Another thing I noticed is that I dont think air is blowing out of my vents as hard as it should be. I guess when these things work you dont pay that much attention so I couldnt tell you hard hard it was blowing last year. Is it possible I have some duct problems up in the scarry attic?


----------



## 8 Ball

An evaporator is the indoor part of your A.C. unit. It normaly sits on top of the furnace, or in the air handler, (blower cabinet). Looks like a radiator on your car, or very similar to the finned area of the outdoor (condensor) unit. If you remove the filter, you may be able to see it. If not, follow the two copper pipes from the outdoor unit and see where they enter the cabinet. One pipe will be small, 3/8 or 1/2 in., the other will be larger, 3/4 or larger, the larger pipe will be insulated, they both should run close to one another. There will also be a condensate pipe, or drain pipe, close to the bottom of the unit, which should also be insulated.

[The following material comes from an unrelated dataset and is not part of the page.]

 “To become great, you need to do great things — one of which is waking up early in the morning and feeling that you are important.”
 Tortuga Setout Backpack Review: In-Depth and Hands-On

Can you hear the compressor run in the outdoor unit? If it is running, the indoor coil is clean and the blower is running, you may need to add refrigerant. You must be licensed to handle refrigerant. Some units have low pressure safeties that stop the compressor if the charge is low, the compressor may start, but stop after a few minutes, leaving the outdoor fan running.

Attics are better than crawl spaces, its all a matter of perspective.


----------



## 02excursion

8 Ball said:


> An evaporator is the indoor part of your A.C. unit. It normaly sits on top of the furnace, or in the air handler, (blower cabinet). Looks like a radiator on your car, or very similar to the finned area of the outdoor (condensor) unit. If you remove the filter, you may be able to see it. If not, follow the two copper pipes from the outdoor unit and see where they enter the cabinet. One pipe will be small, 3/8 or 1/2 in......this small line freezes up, i can visibly see frost on this line, i tried turning off my unit to thaw out and circulate some air through my york blower. I enclosed a picture.
> 
> the other will be larger, 3/4 or larger, the larger pipe will be insulated, they both should run close to one another. There will also be a condensate pipe, or drain pipe, close to the bottom of the unit, which should also be insulated.
> 
> Can you hear the compressor run in the outdoor unit? If it is running, the indoor coil is clean and the blower is running, you may need to add refrigerant. You must be licensed to handle refrigerant. Some units have low pressure safeties that stop the compressor if the charge is low, the compressor may start, but stop after a few minutes, leaving the outdoor fan running.
> 
> Attics are better than crawl spaces, its all a matter of perspective.


I apologize i don't mean to high jack this thread. but i tried searching for an answer and think this thread is similar to what I'm experiencing. btw i new to this site and i am a noob when it comes to A/C units. All i know it was working fine a couple of weeks ago when it was in the upper 70's up here in the NE. Tomorrow its going to be in the mid 80's and already my condo is registering 79 degrees. 
Thanks in advance
02excursion


----------



## Talbot3

You said the temp at the outdoor unit is cooler than the air coming out of the registers... Any chance you have a heat pump operating on heating mode?


----------



## 02excursion

Talbot3 said:


> You said the temp at the outdoor unit is cooler than the air coming out of the registers... Any chance you have a heat pump operating on heating mode?


I'm pretty certain i don't have the heat pump operating on heat mode. i can visibly see the frost accumulating on the smaller line. the a/c unit does the clicking noise and the fan spins when i turn on the thermostat to a colder degree setting than what the temp is inside my condo ( example condo temp reading 79 degrees set point on thermostat 72 degrees) i also hear the blower motor spinning inside my laundry room click and start up. Hopefully i touched all the base's for someone to chime in?
btw ....now im having a issues with my water heater......i will post this issue on the plumbing forum.

Thanks
02excursion


----------



## airtrackinc

Any ideas, what could be wrong here??? call your cooling expert to verify this unit working on reveres cycle if its heat pump, otherwise you have problem in the refrigeration system.


----------



## beenthere

airtrackinc said:


> Any ideas, what could be wrong here??? call your cooling expert to verify this unit working on reveres cycle if its heat pump, otherwise you have problem in the refrigeration system.


Hopefully in 3 years, he has taken are of this.


----------